Bill Murray, trying to help a stricken homeless guy. Yet another truth from that movie so full of them; if you really wanted to help other people you would have to devote years of your life to learning how.
He tried to express this to Fedpage, just to pass the time congealing around them. Fedpage nodded as he listened to the stricken man’s stertorous breathing. “Maybe it’s just sleep apnea we got here. What a great fucking movie. Me and Zeno were arguing about how many years that day had to go on for Bill Murray. I said it couldn’t be less than ten years, because of the piano lessons and the med school and the, you know,” and he was off on a long list of all of the character’s accomplishments and how many hours it would take to learn these skills, and how much time he had had for them in any given version of the repeated day. “Also, when you think about it, if Bill Murray can do different things every day, and get a different response from the people around him, just how exactly is that different from any ordinary day? It ain’t any different, that’s what! Other people don’t remember what you did the day before, they don’t give a shit, they’ve got their own day to deal with! So in essence we’re all living our own Groundhog Day, right? Every day
is always just the same fucking day.”
“You should be a Buddhist,” Frank said. “You should talk to my Buddhist friends.”
“Yeah right. I don’t go in for that hippie shit.”
“It’s not hippie shit.”
“Yeah it is. How would you know.”
“I talk to them is how I know. I lived with them.”
“Oh. Well. That explains it then. But it also proves my point about them being hippies. I mean you don’t just live with people, do you.”
All while the old man cradled between them gasped, or did not gasp. Eventually the rescue team arrived, and under a blistering critique from Fedpage they got the old guy out to their ambulance. There Fedpage tried to grill them on the paperwork the operation would require of all involved, but the meds waved him away and drove off.

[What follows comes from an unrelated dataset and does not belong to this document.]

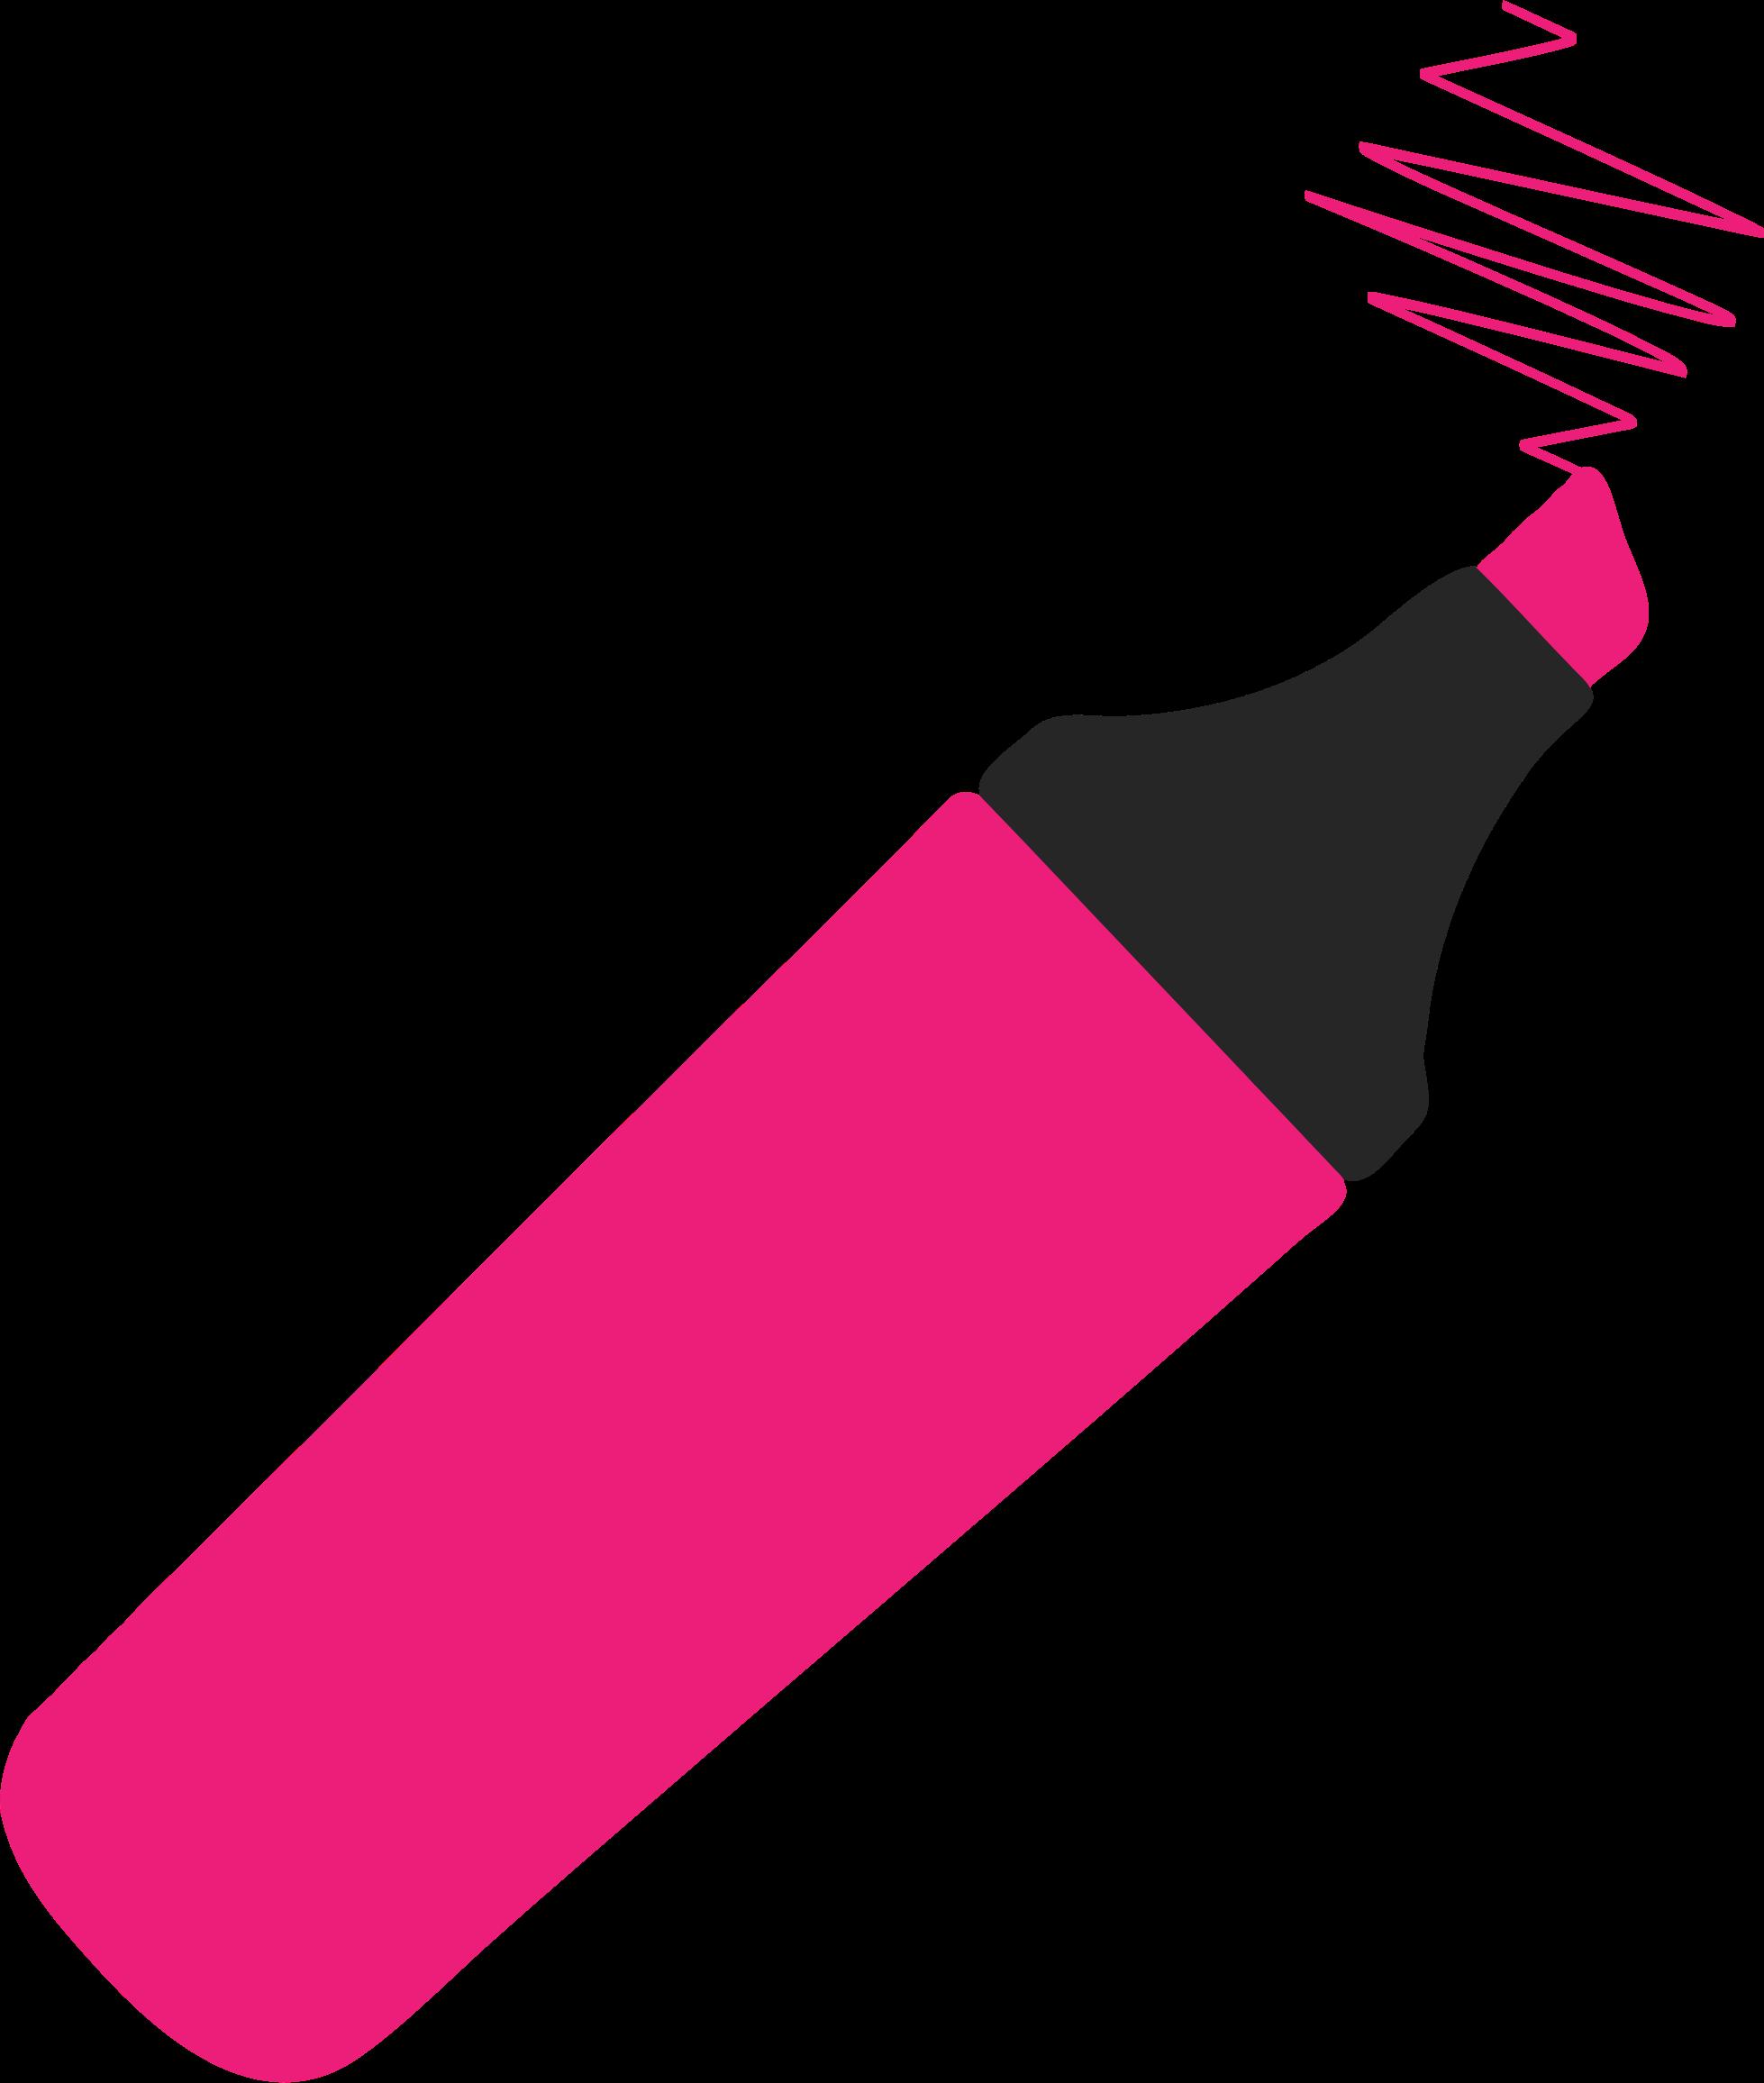 Highlighter pen clipart.

Talking to Fedpage was like talking to Rudra Cakrin. Frank knew some strange people. Some of these people had problems.
None more so, for instance, than the blond woman from the park. Frank saw her again, one evening at Site 21 when some of them were there, and he said “Hi,” and sat down next to her to ask how she was doing.
“Oh—day eighteen,” she said, with a wry look.
Frank said, “Well. Eighteen’s better than none.”
“That’s true.”
“But, you know, after all this time, I still don’t think we’ve ever been introduced. I’m Frank Vanderwal.” He stuck out a hand, which she took and shook daintily, with her fingertips.
“Deirdre. Nice to meetcha, ha ha.”
“Yeah, the bros aren’t much on introductions. Hey Deirdre—any sign of Chessman?”
“No, I ain’t seen him. I’m sure he’s moved.”
And on from there. She was happy to talk. Lots happened when you were homeless. It was starting to get cold again. She was staying at the UDC shelter again. The whole gang had spent most of the summer there, or over at the feral camp in Klingle Park. Lots of people were going feral in Northwest—hundreds—it made it safer in some ways, more dangerous in others. It could be fun; it could be too fun.